Commands for Windows:

# Please change <subscription_id> <resourcegroup_name> and <webapp_name> to your own
$token = az account get-access-token --resource https://management.azure.com --query accessToken -o tsv ; $history_id = az webapp webjob triggered log --resource-group <resourcegroup_name> --name <webapp_name> --webjob-name train-mbti-model --query "[0].id" -o tsv | ForEach-Object { ($_ -split "/history/")[-1] } ; $response = Invoke-RestMethod -Uri "https://management.azure.com/subscriptions/<subscription_id>/resourceGroups/<resourcegroup_name>/providers/Microsoft.Web/sites/<webapp_name>/triggeredwebjobs/train-mbti-model/history/$history_id/?api-version=2024-04-01" -Headers @{ Authorization = "Bearer $token" } -Method GET ; $log_url = $response.properties.output_url ; Invoke-RestMethod -Uri $log_url -Headers @{ Authorization = "Bearer $token" } -Method GET

Once you see the report in the Logs, it indicates that the training is complete, and the Flask app is ready for predictions.

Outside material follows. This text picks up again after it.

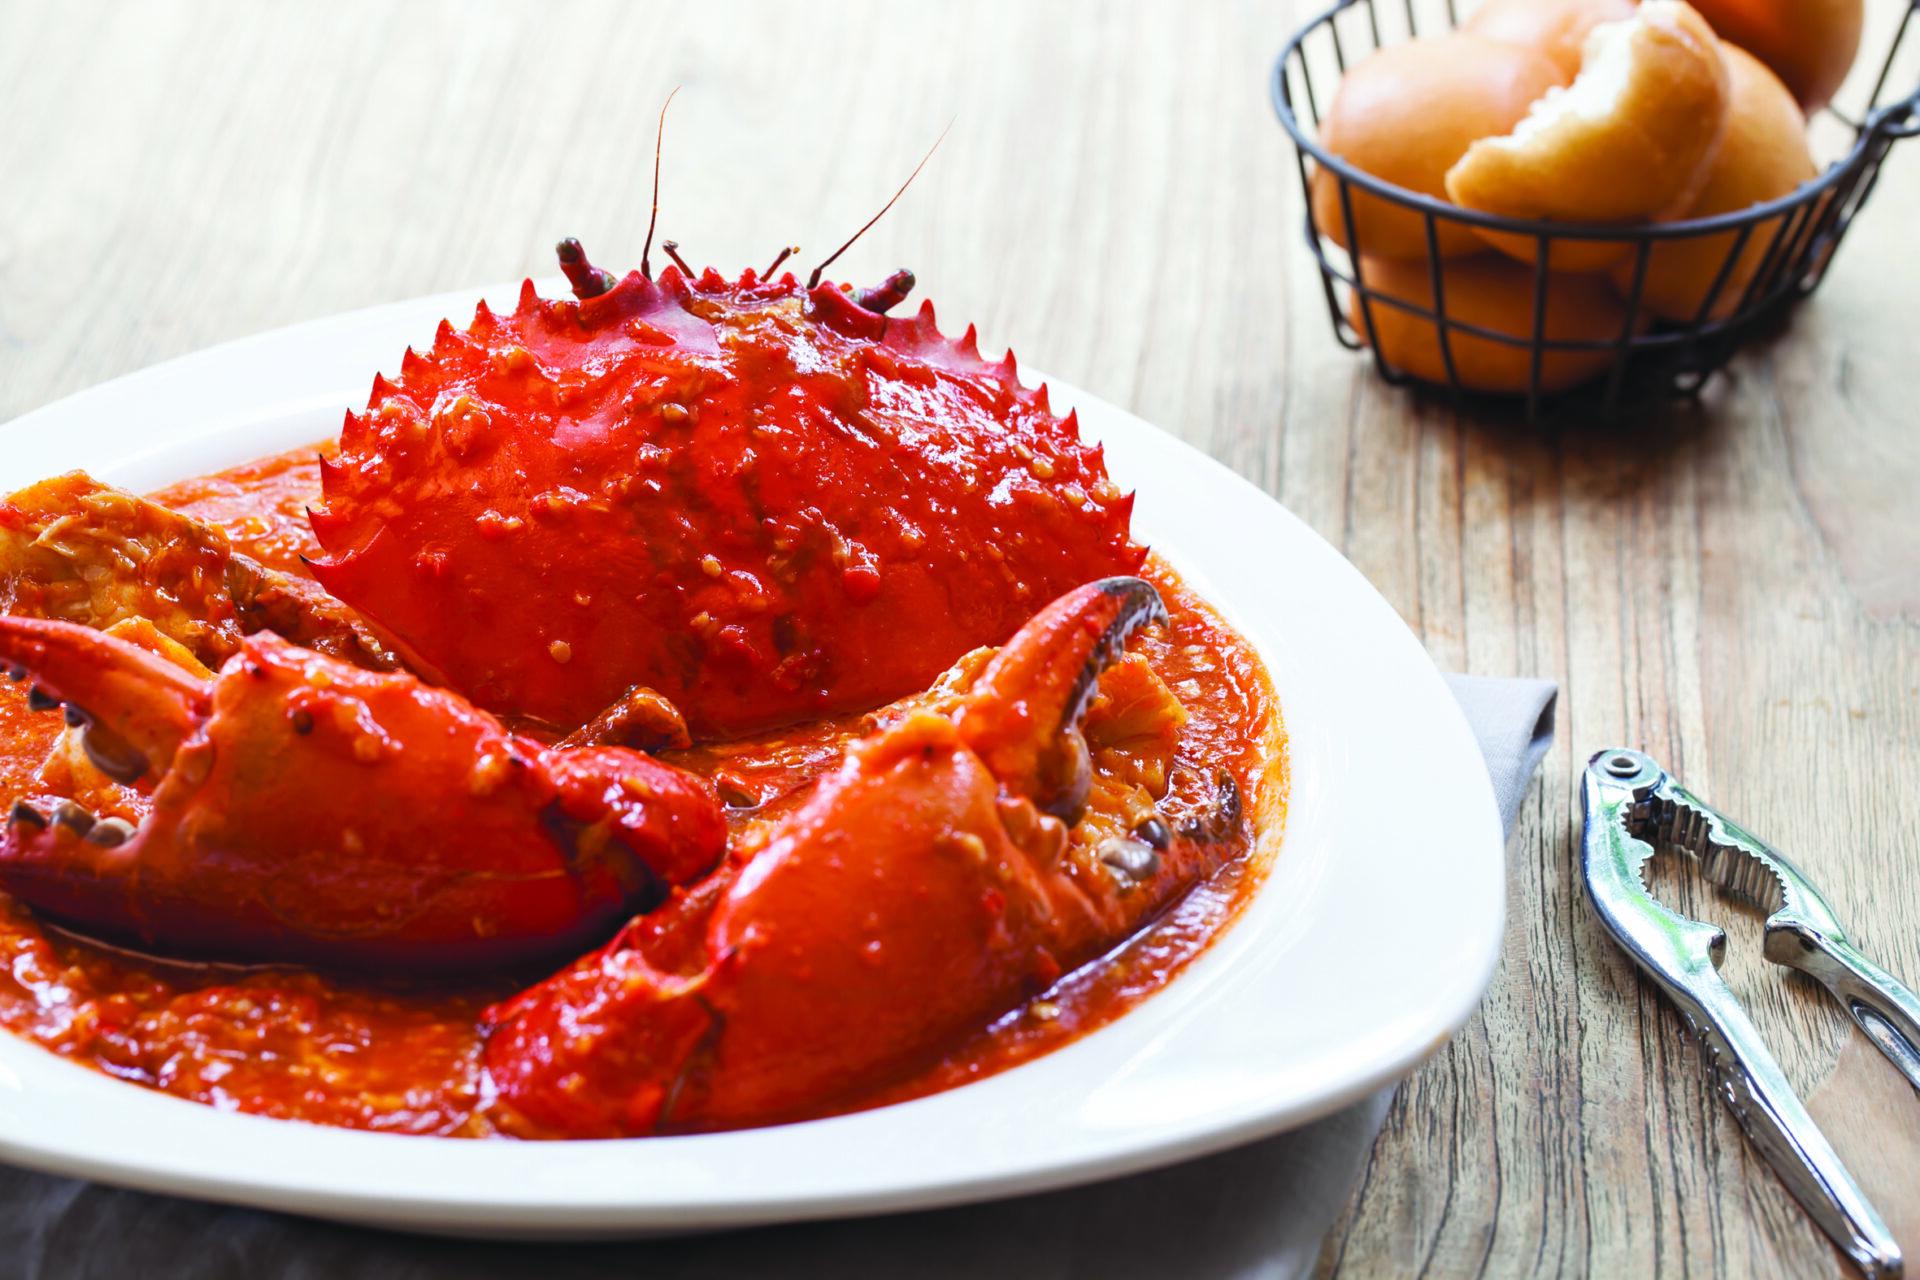 【ローカルフード4選】 シンガポールで食べないと!チリクラブや中華を食べるなら、ここ!
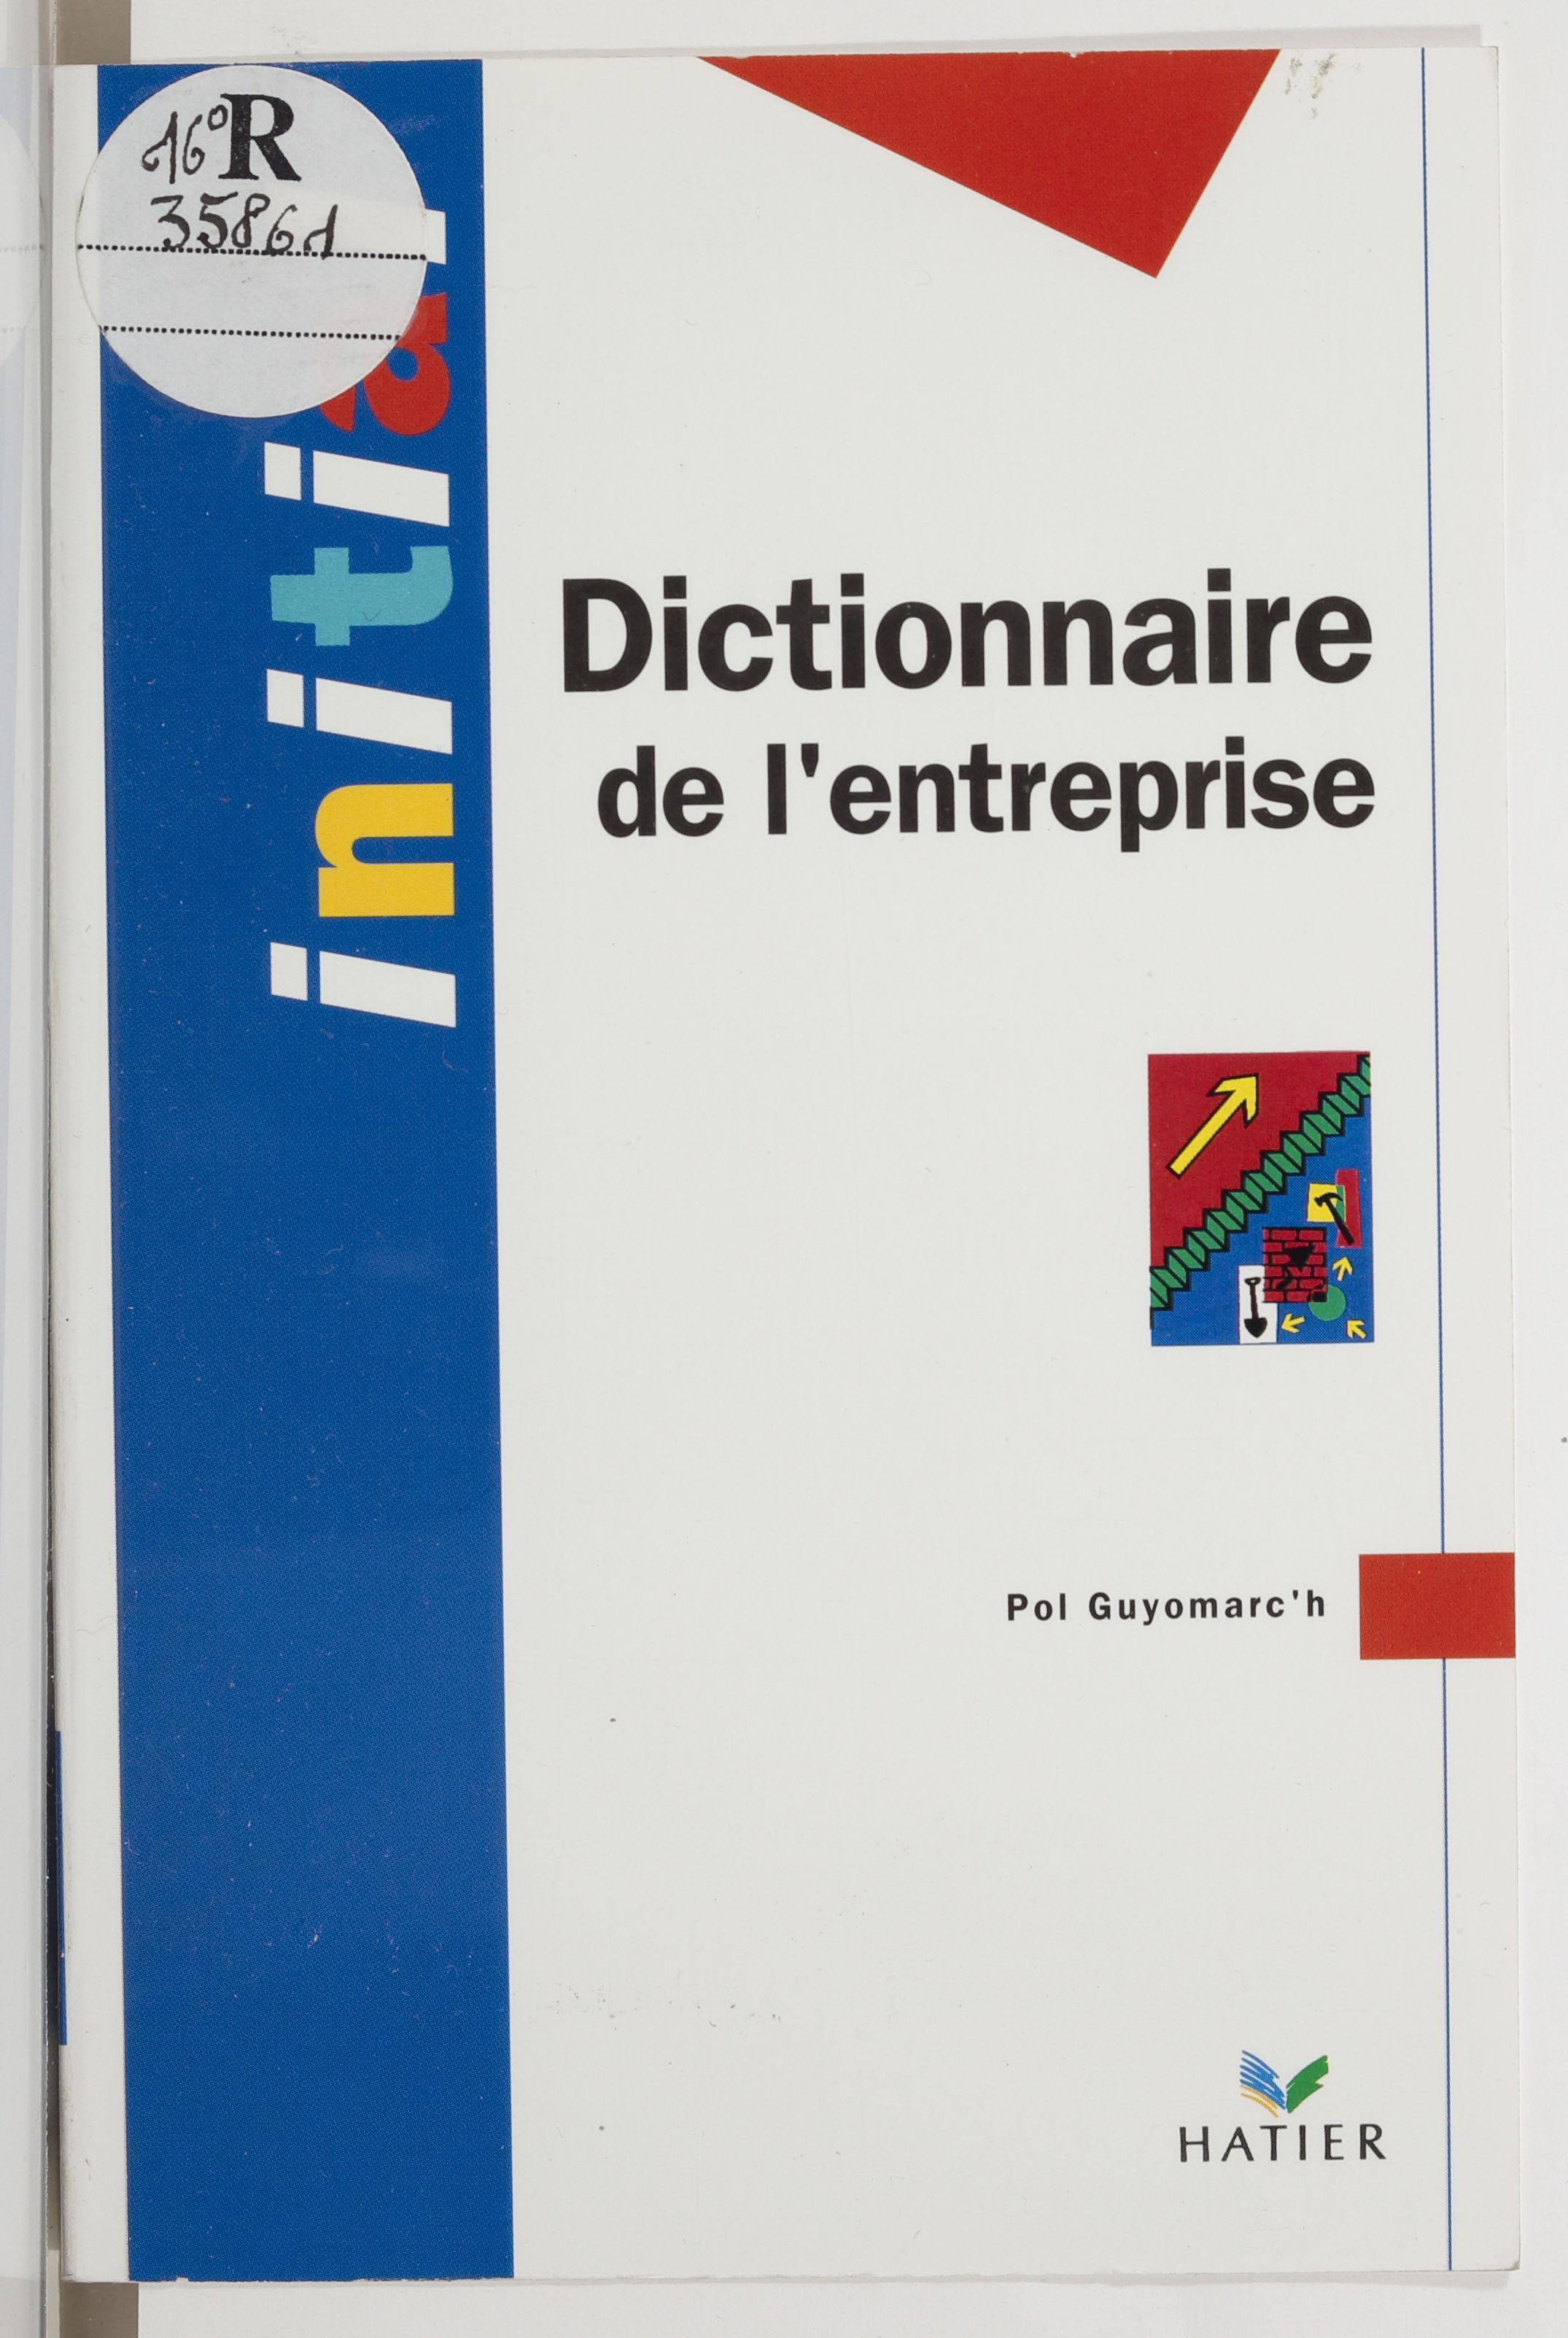 Dictionnaire de l'entreprise

You can also find the newly trained models in the File Share mounted in your local environment.

Using the Model for Prediction

Just like in local testing, open a terminal and use the following curl commands to send requests to the app:

# Note: Replace the instance of tensorflow-bicep-app with the name of your web app.
curl -X GET "https://tensorflow-bicep-app.azurewebsites.net/api/detect" -H "Content-Type: application/json" -d '{"post": "I am happy"}'

As with the local environment, you should see the expected results.

7. Troubleshooting

docker.log freeze after deployment

Symptom: I cannot get the latest deployment status after Azure DevOps publish the code to Web App via kudu site and frontpage getting error 504
Cause: This project includes two virtual environments, each containing a TensorFlow package. During the start.sh process of creating these environments, each environment takes approximately 10 minutes to set up. As a result, the docker.log or Log Stream might temporarily stall for about 20 minutes at a certain stage.
Resolution: After roughly 20 minutes, once all the packages are downloaded, the logs will resume recording.

Others

Using Scikit-learn on Azure Web App

Using OpenAI on Azure Web App

8. Conclusion

TensorFlow, much like a Swiss Army knife, encompasses a wide range of training algorithms. While Azure Web App is not typically used for training models, it can still serve as a platform for inference. In the future, I plan to introduce how pre-trained models can be directly loaded using JavaScript. This approach allows the inference workload for non-sensitive models to be offloaded to the client side.